简体   繁体   English

读入一个文件夹中的csv个文件和output到一个单独的csv

[英]Read in csv files in a folder and output to one single csv

I have a folder with many csv files.我有一个包含许多 csv 个文件的文件夹。 I want to read them in and depending on certain criteria output the records to specific output files.我想阅读它们并根据某些标准 output 将记录记录到特定的 output 文件。 So in my case I have 3 different output files.所以就我而言,我有 3 个不同的 output 文件。

So I have many of csv files.所以我有很多 csv 个文件。 Let's consider one file looking like:让我们考虑一个看起来像这样的文件:

Column1;Column2
90ABCDE;AB
80BDESD;CD

And another looking like:另一个看起来像:

Column1;Column2
80ABCDE;AB
80BDESD;CD
80BCCDE;AB
70BDESD;CD

Each csv file has an header. The header is always the same.每个 csv 文件都有一个 header。header 始终相同。 In the final csv files I would like to have the header once in the beginning, but not in between the data.在最后的 csv 文件中,我希望在开始时有一次 header,但不在数据之间。

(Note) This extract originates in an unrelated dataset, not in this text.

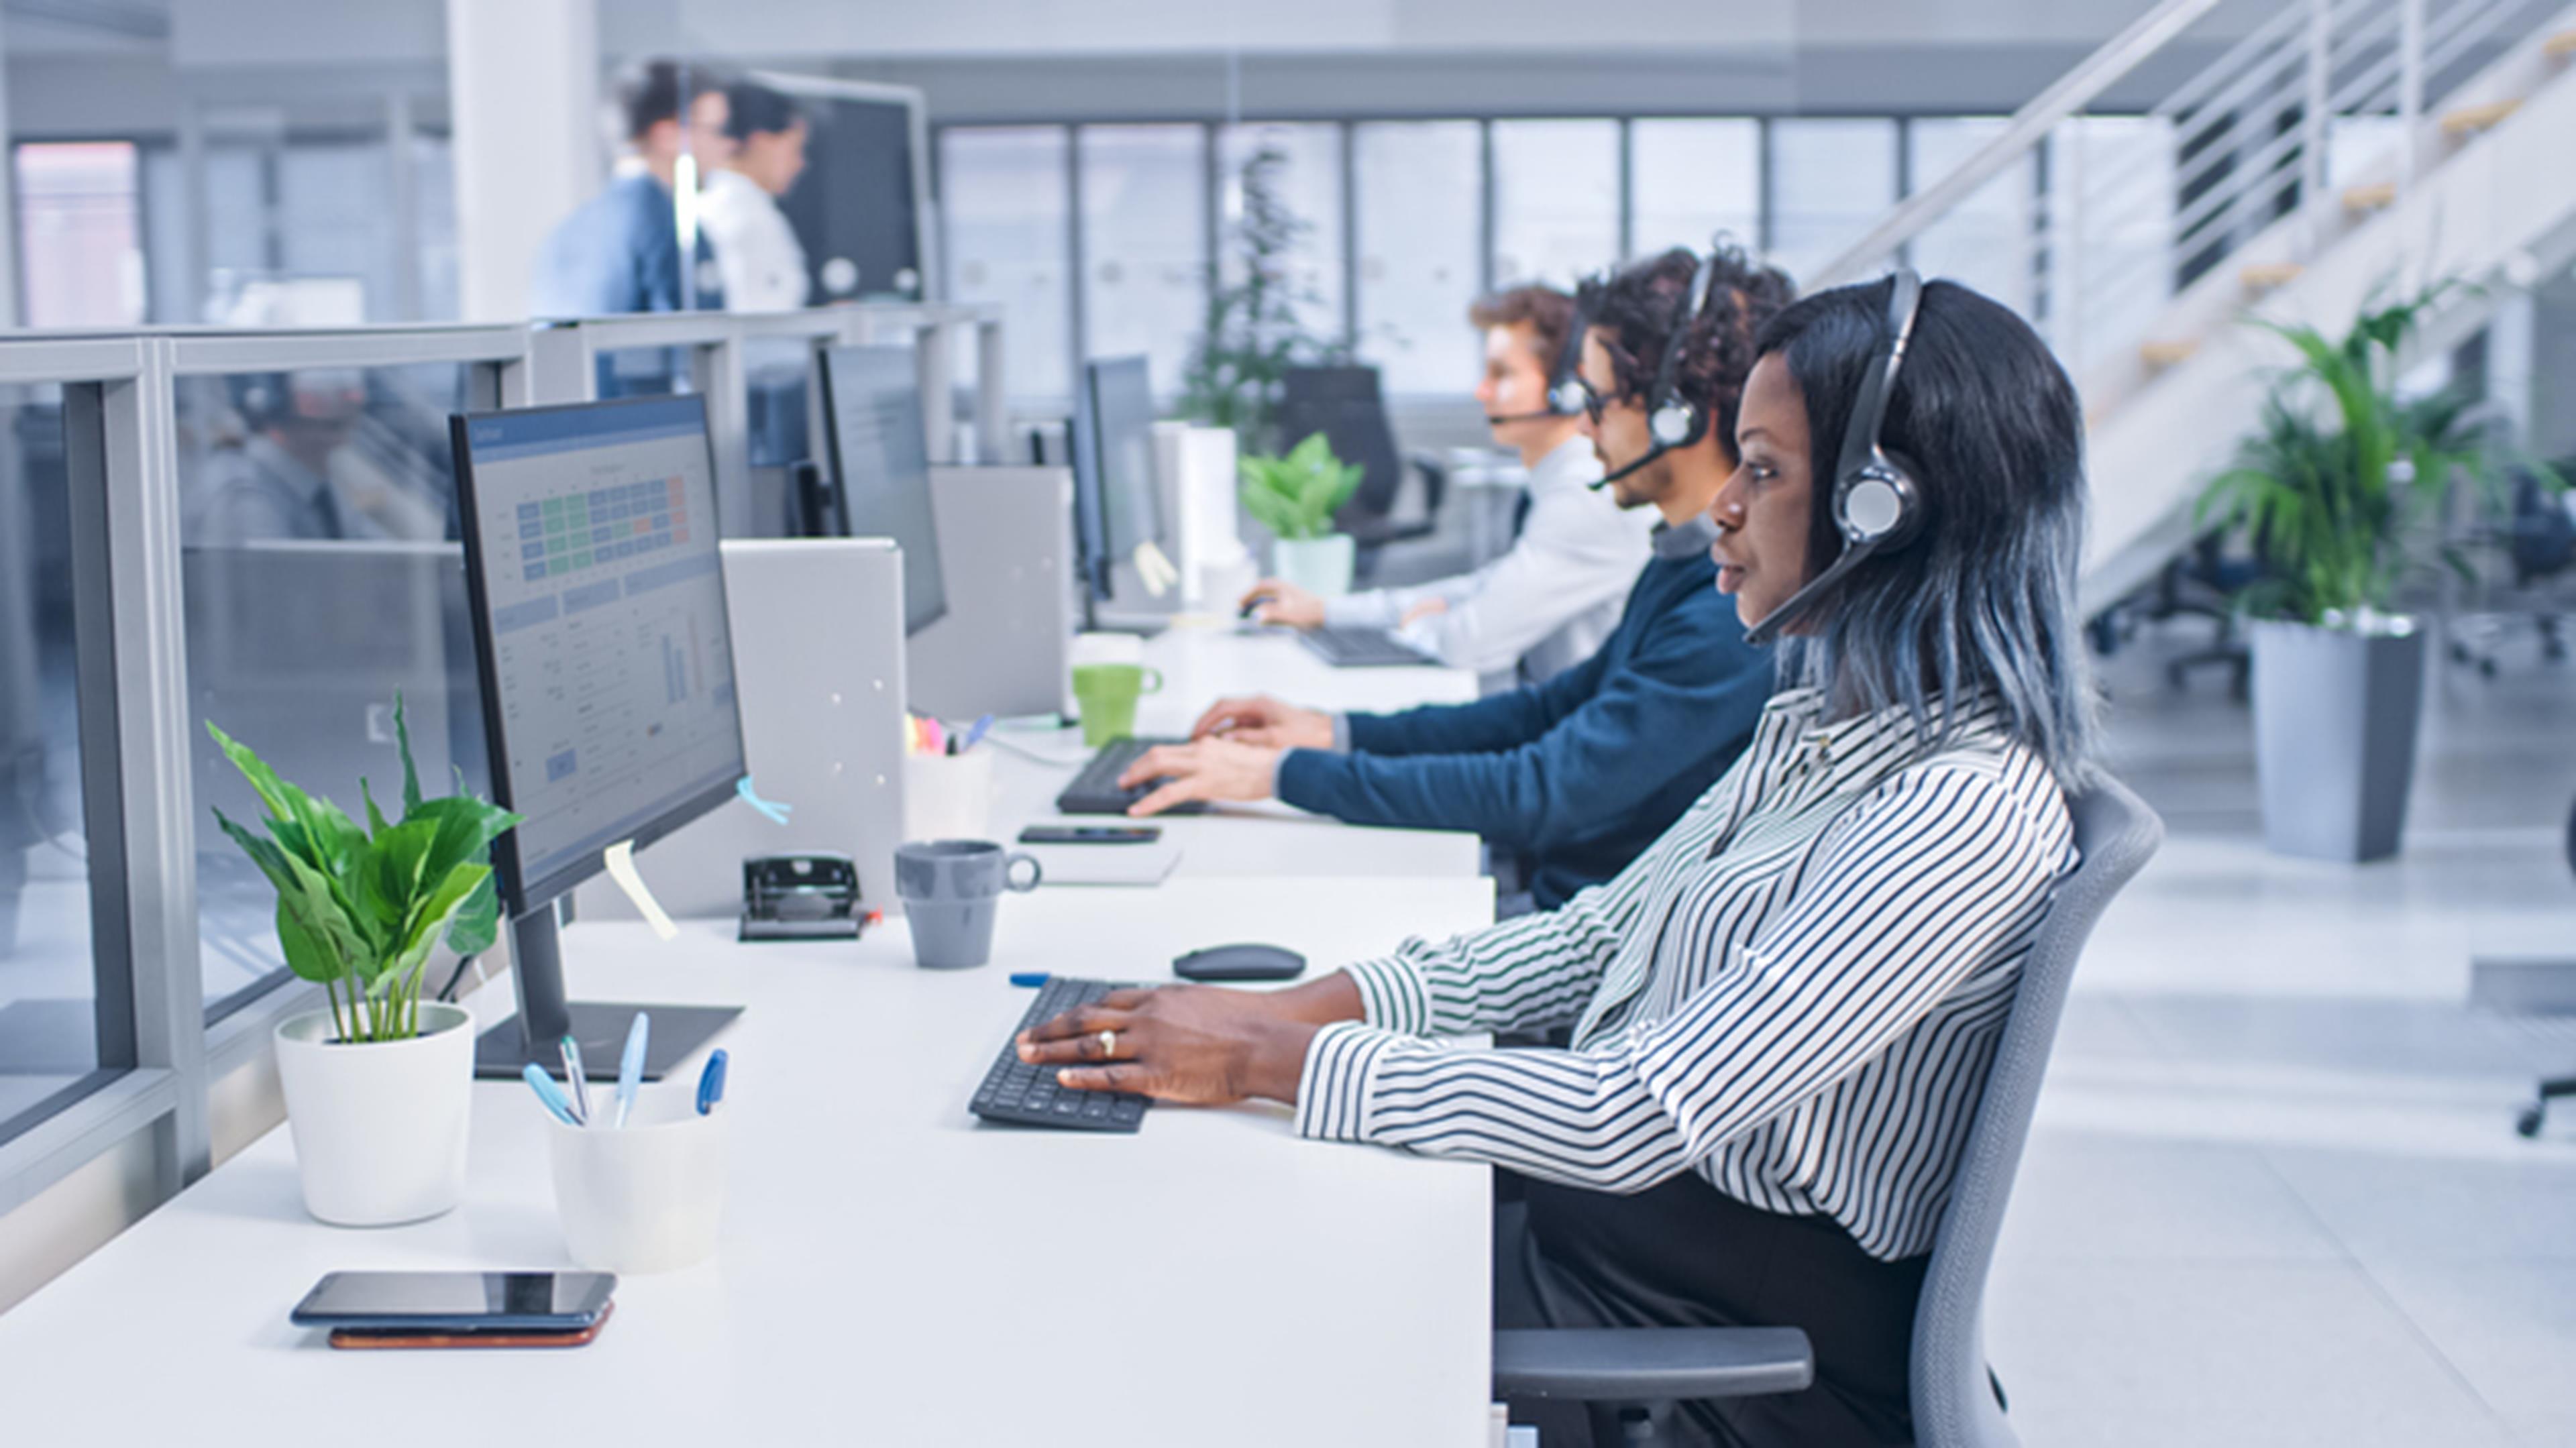 agents working in a call center

I want to have one file where every record is stored.我想要一个文件来存储每条记录。 In another I would like to have only those records where Column1 begins with '80B'.在另一个中,我只想拥有 Column1 以“80B”开头的那些记录。 In the third file I would like to have those records where Column1 does not begin with '80B' and the fourth character is not equal to 'D'.在第三个文件中,我想要那些 Column1 不以“80B”开头且第四个字符不等于“D”的记录。

So the output should be:所以 output 应该是:

file 'all.csv'文件“all.csv”

Column1;Column2
90ABCDE;AB
80BDESD;CD
80ABCDE;AB
80BDESD;CD
80BCCDE;AB
70BDESD;CD

file 'subset_1'文件“subset_1”

Column1;Column2
80BDESD;CD
80BDESD;CD
80BCCDE;AB

file 'subset_2'文件“subset_2”

Column1;Column2
80BCCDE;AB

I tried the following code:我尝试了以下代码:

import glob
import csv
import os


path = r'C:\myfolder\test'

all_files=glob.glob(os.path.join(path, "*.csv"))

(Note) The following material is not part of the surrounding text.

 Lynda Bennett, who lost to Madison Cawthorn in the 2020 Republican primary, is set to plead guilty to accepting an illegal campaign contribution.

with open(r'C:\myfolder\all.csv', "w", newline='') as dall, \
open(r'C:\myfolder\subset_1.csv', "w", newline='') as \
subset_1, open(r'C:\myfolder\subset_2.csv', "w", newline='') as subset_2:
    
    cw_all = csv.writer(dall, delimiter=";", quoting=csv.QUOTE_MINIMAL)
    cw_subset_1 = csv.writer(subset_1, delimiter=";", quoting=csv.QUOTE_MINIMAL)
    cw_subset_2 = csv.writer(subset_2, delimiter=";", quoting=csv.QUOTE_MINIMAL)
    
    cw_all.writerow(['Column1','Column2'])
    cw_subset_1.writerow(['Column1','Column2'])
    cw_subset_2.writerow(['Column1','Column2'])
    
    for filename in all_files:
        with open(filename) as infile:
            cr = csv.reader(infile, delimiter=";")
            #next(cr)
            for line in cr:
                cw_all.writerow(line)
            if (
                (line[0][:3] !="80B")
                ): cw_subset_1.writerow(line)
            if (
                (line[0][:3] =="80B") and
                (line[0][3:4] =="D")
                ): cw_subset_2.writerow(line)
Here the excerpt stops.